> Exercise data:
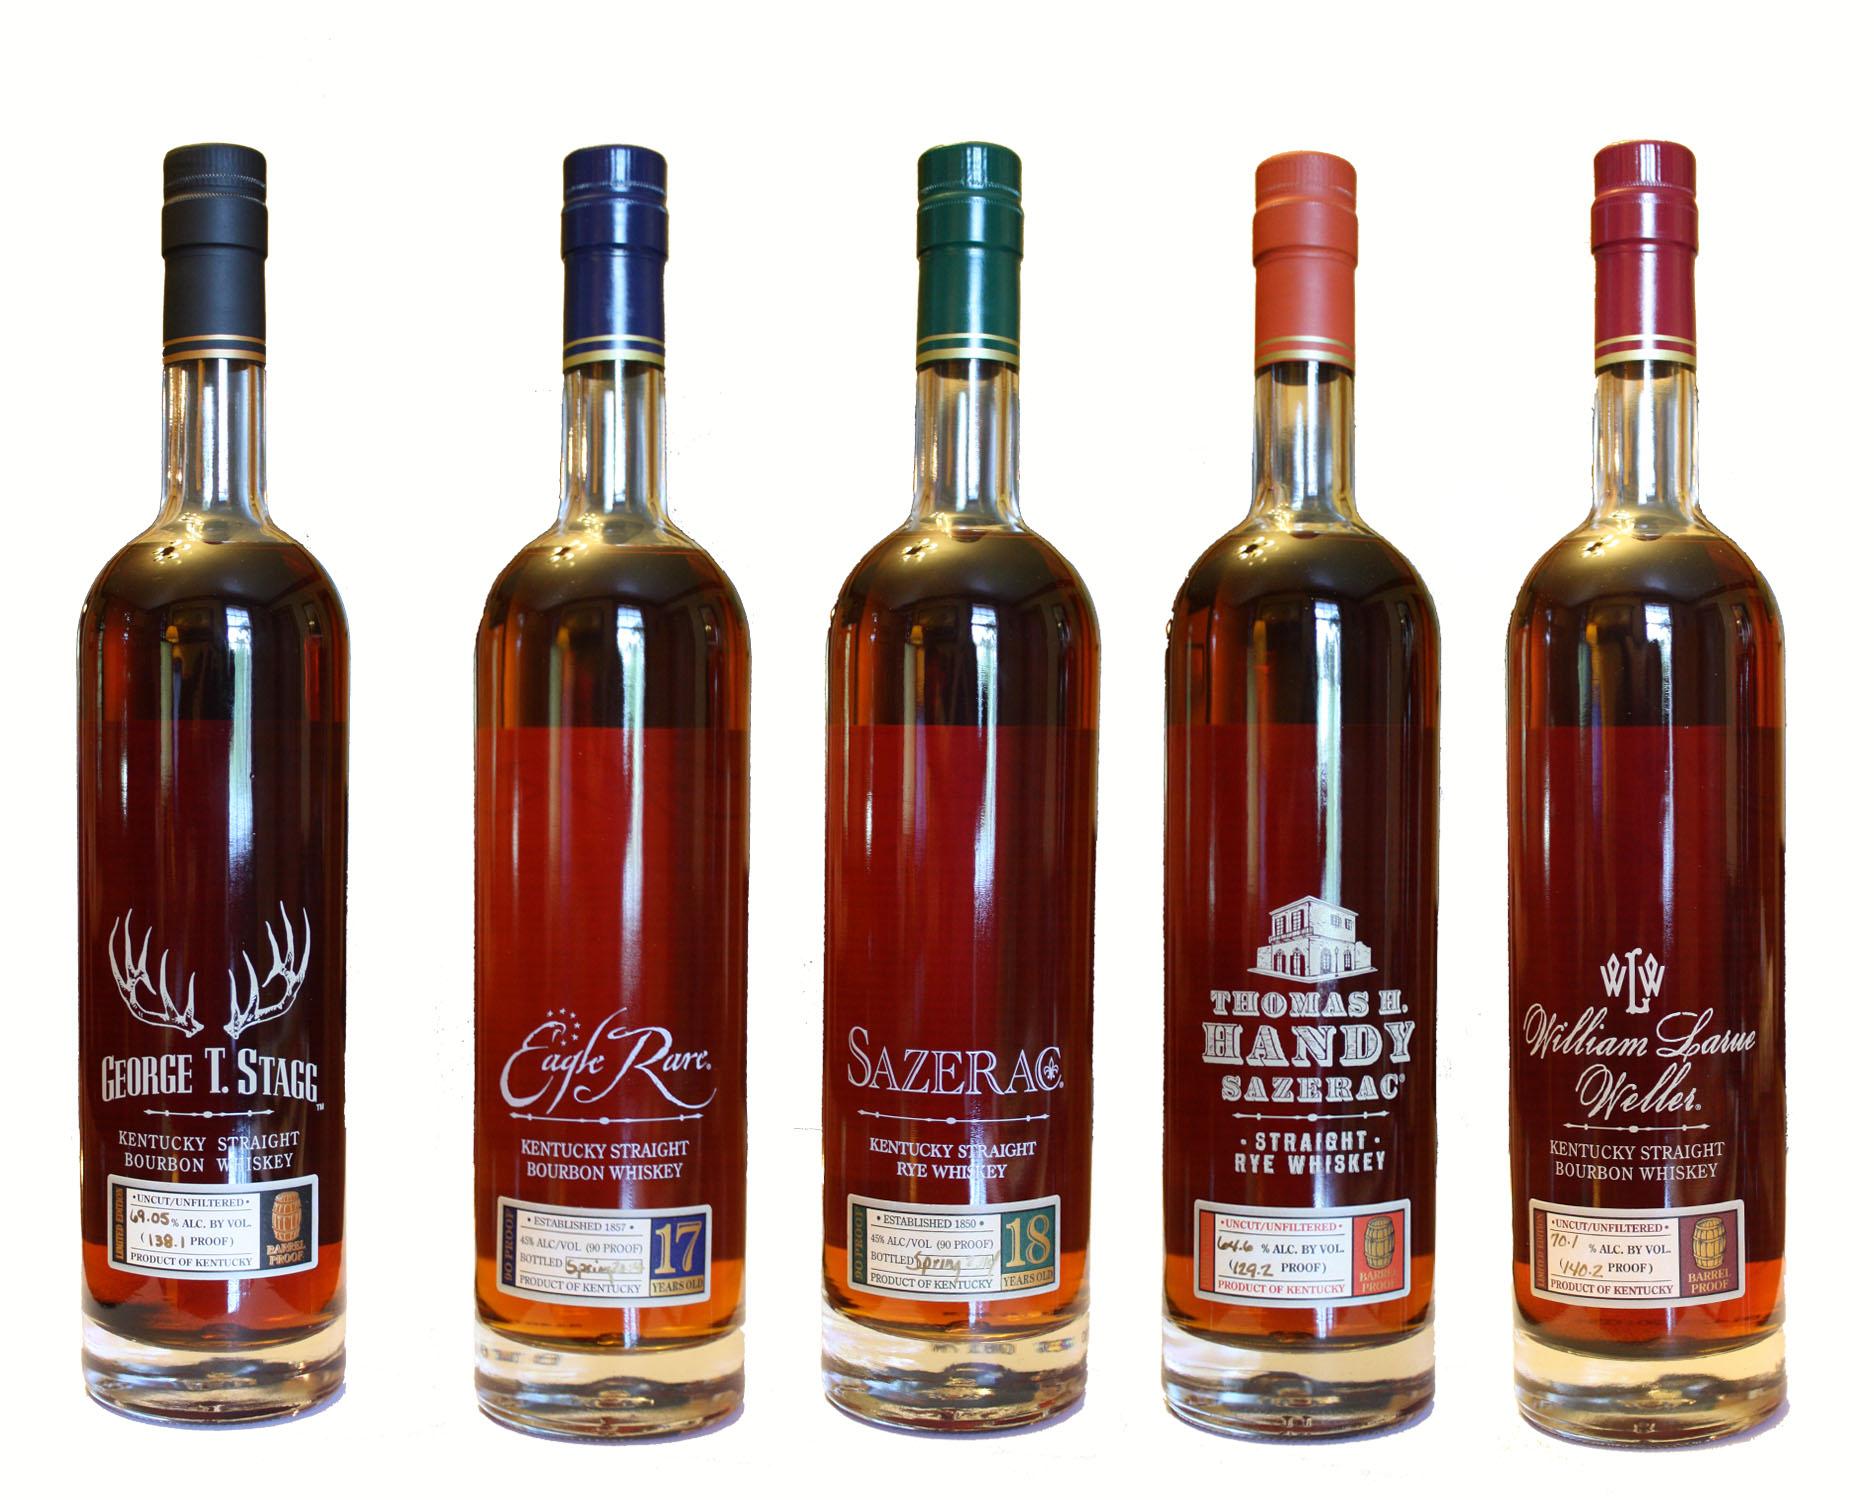 William Larue Weller Bourbon 2014
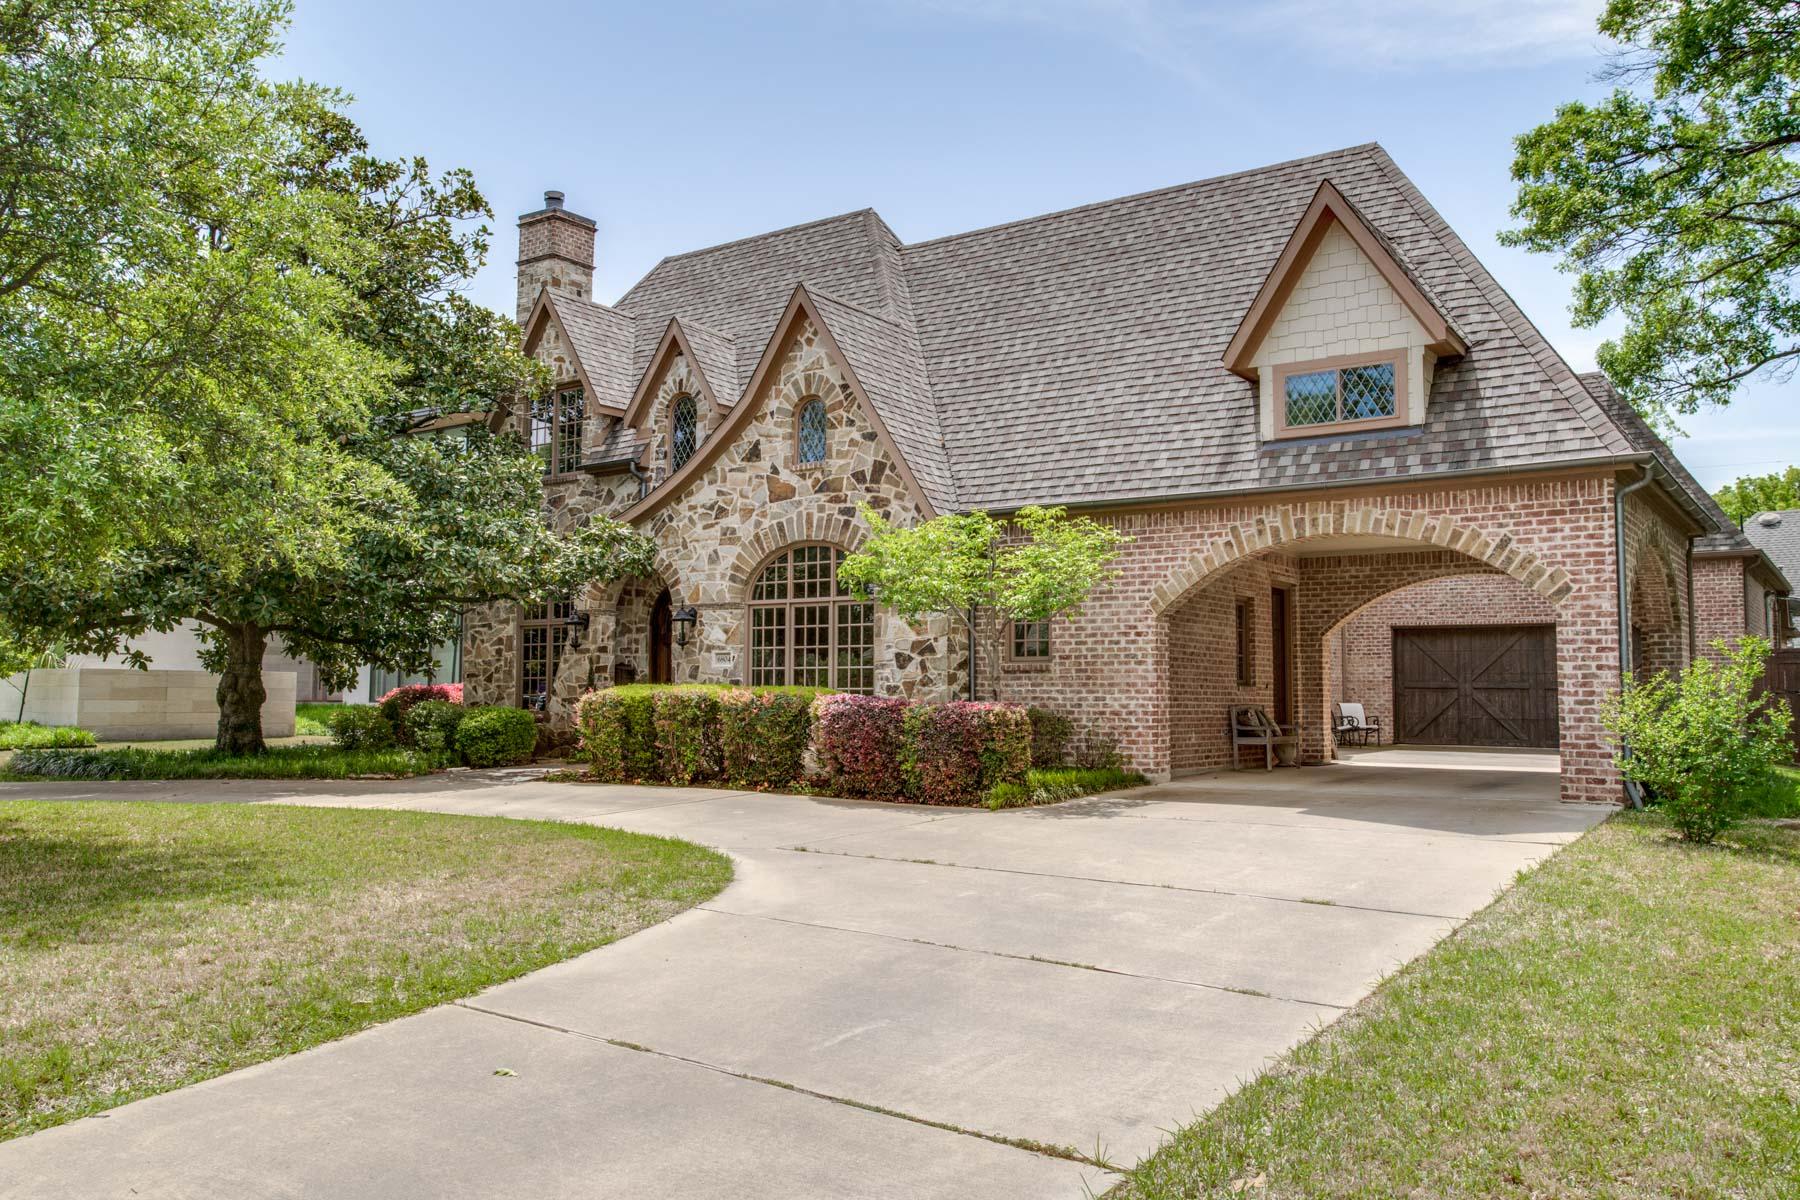 独户住宅 为 销售 在 Preston Hollow Traditional 6804 Chevy Chase Avenue, 达拉斯, 得克萨斯州, 75225 美国
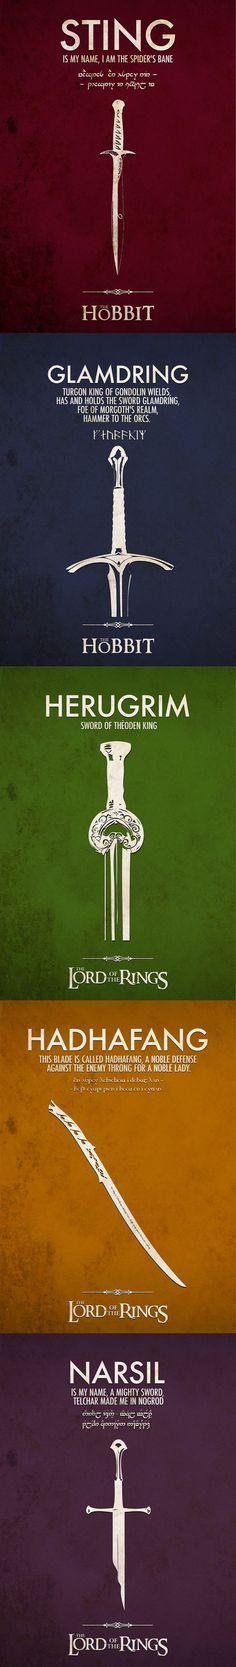 Middle-Earth Swords ~ Hobbit/Lord of the Rings Legolas, Gandalf, Aragorn, Thranduil, Jrr Tolkien, Tolkien Books, The Middle, Middle Earth, Narnia

> Task description: Only the words belong in your copy: restate the data above exactly and leave the images out.

> Output of the task:
 William Larue Weller Bourbon 2014
 独户住宅 为 销售 在 Preston Hollow Traditional 6804 Chevy Chase Avenue, 达拉斯, 得克萨斯州, 75225 美国
 Middle-Earth Swords ~ Hobbit/Lord of the Rings Legolas, Gandalf, Aragorn, Thranduil, Jrr Tolkien, Tolkien Books, The Middle, Middle Earth, Narnia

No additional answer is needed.